Blacklight has a very clean, streamlined control scheme, not too sloggy and not too twitchy. Throughout the 12 maps (up to 16 players each), the game is really a ‘classless’ FPS that focuses heavily on the cobble-your-own customizable loadout that grants regular upgrades, one at a time, to individual squadmates as they continue to level-up. The component build-up projection goes like this: 9 stock-types, 15 scopes, 20 or so barrels, 30 magazine variants, and 100+ weapon ‘tags’… and resultant combinations of literally millions of modded-up weapons possibilities. Of course, not all of those possibilities will make equal amounts of sense. A pistol-gripped CQ shotgun with a sniper scope might cripple your enemy’s ability to fight… if he laughs hard enough.
[image2]Further, players can trick out their weaponry with those weapon ‘tags’ I mentioned earlier: These are surprisingly close to what they sound like: Little dangly, decorative trinkets, and charms—devil’s heads, good-luck bunnies, whatever—attached to the sling hooks of various weapons, and analogous to the little plastic Smile Slime doodad your girlfriend has looped through the notch on her ketai. As the Blacklight official site puts it, “Soldiers claim that their trinkets and charms give them more endurance, stamina, health, speed and more, but the medical community attributes such claims to the Placebo Effect.” Whatever the truth of the matter, there are over a hundred of them in the game, all providing scant but real upgrades to their weapon. Each time you level up, you’ll be randomly provided with a new one. Collect ’em all!
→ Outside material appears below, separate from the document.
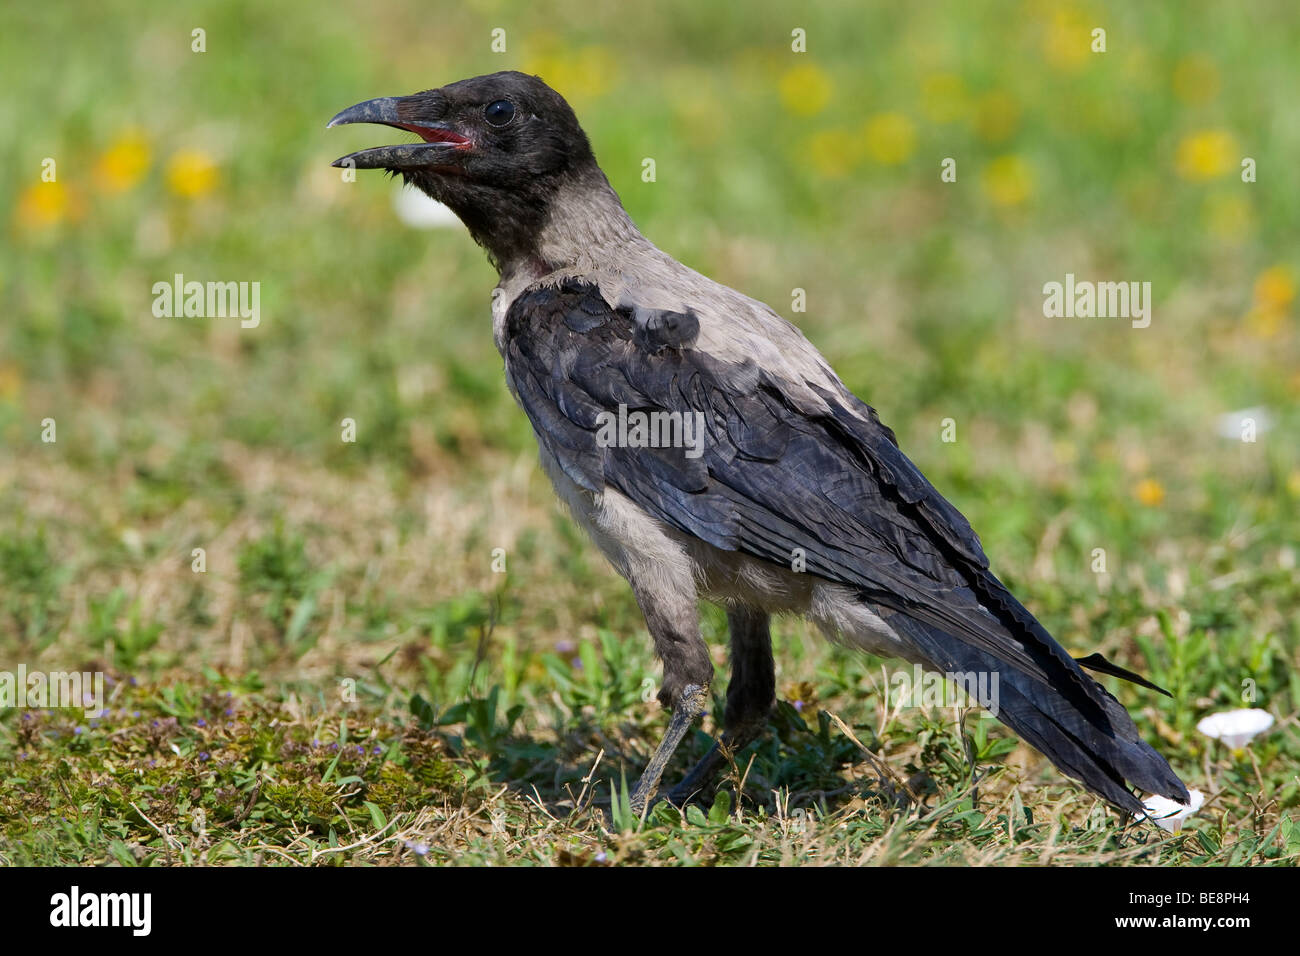 Bonte Kraai staand Roepende in het gras. Appelant Hooded Crow debout dans un champ d'herbe. Banque D'Images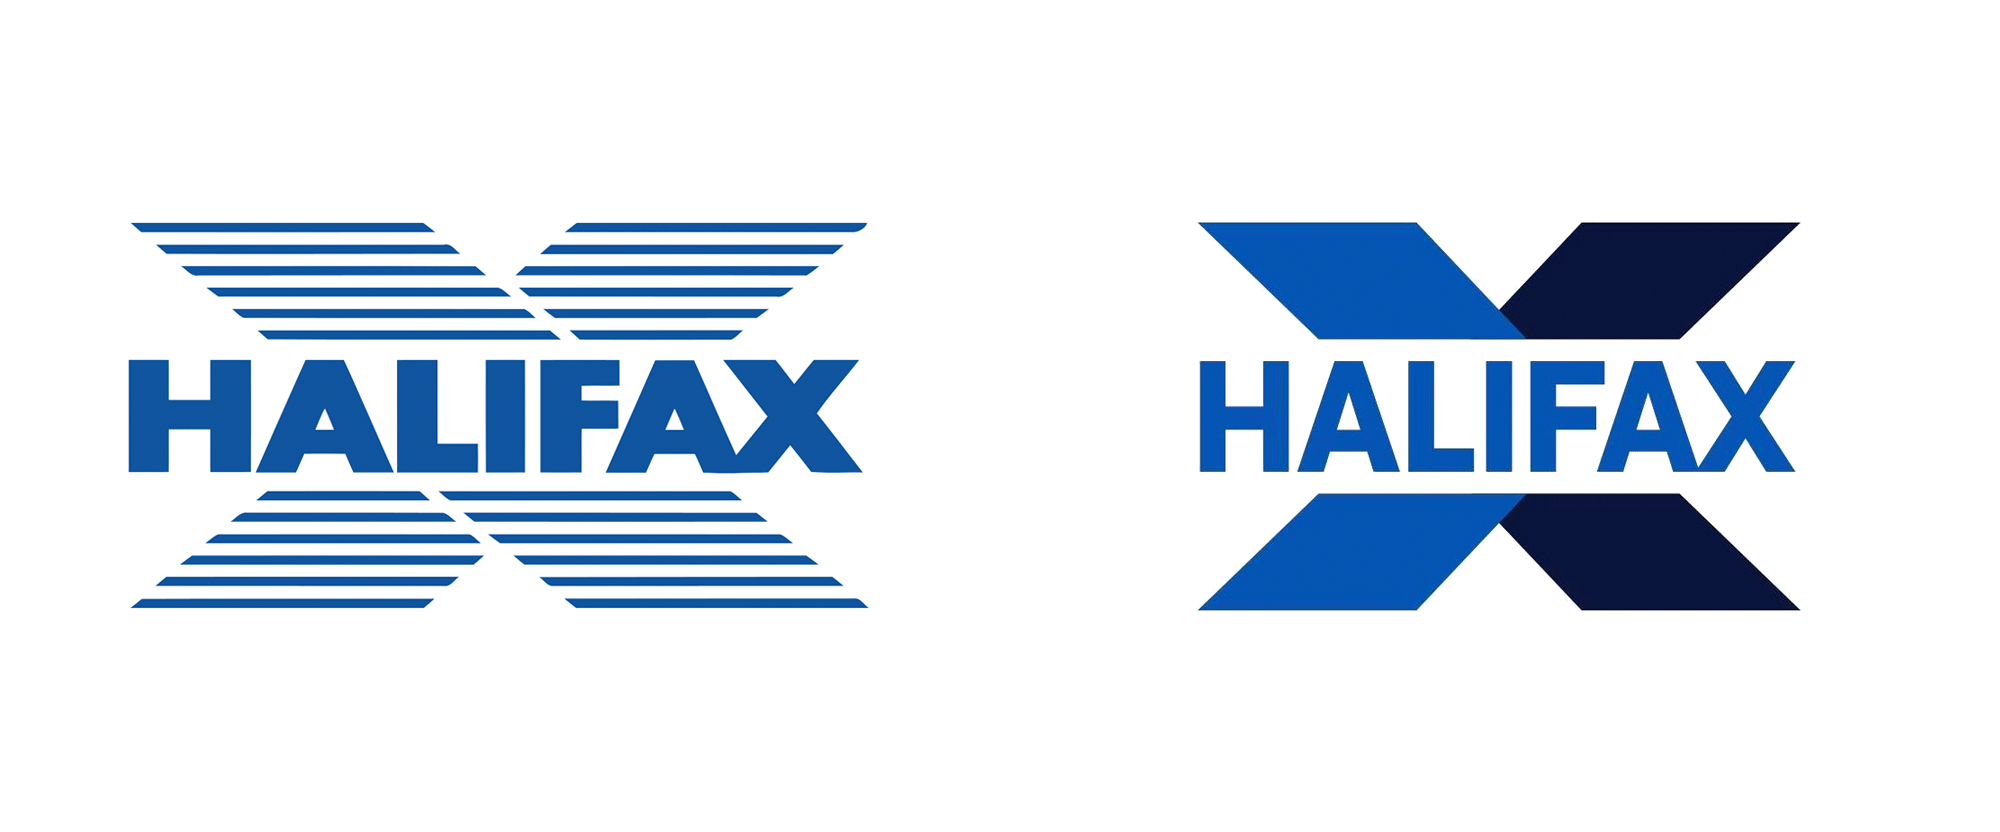 Halifax Logo - Brand New: New Logo and Identity for Halifax by Rufus Leonard

While the available weapons themselves are pretty straightfaced—fragmentation grenades, shotguns, sniper rifles, pistols, assault rifles, flash-bangs—there are some grudging, conservative steps into the territory of science fiction. Each player’s character is outfitted with a ‘Hyper Reality Vizor‘; when it’s active (for short periods of time, after which it must recharge), players can see through walls and locate their enemies… as well as friendlies, plus useful health and ammo stations. For the duration of the HRV’s short operation time, it prevents weapons-fire—a blatant fourth-wall-breaking step to keep the game fun and balanced, but a completely forgivable one, especially since there ain’t no all-seeing sissy Map functions here.
My favorite tip of the sci-fi visor, so to speak—just barely edging out the ever-popular deployable robotic auto-turret—is the so-called ‘Digi Grenade’, which when thrown, creates a ‘blast zone’ that is purely electromagnetic. That is, it de-rezzes the viewfinder/faceplate on each soldier’s helmet, rendering him blind as a signal-jammed bat until he moves out of the affected zone or the Digi blast wears off. This is both even more fun (for the attacker) and even scarier (for the attackee) than it sounds.
Blacklight: Tango Down will be available for download this summer, all straightfaced ‘science fact’ weaponry, grungy East Euro settings, grit-electronica soundtrack and all, for X360, PS3, and Windows (PC users, get yourselves a console-style controller—it just feels right).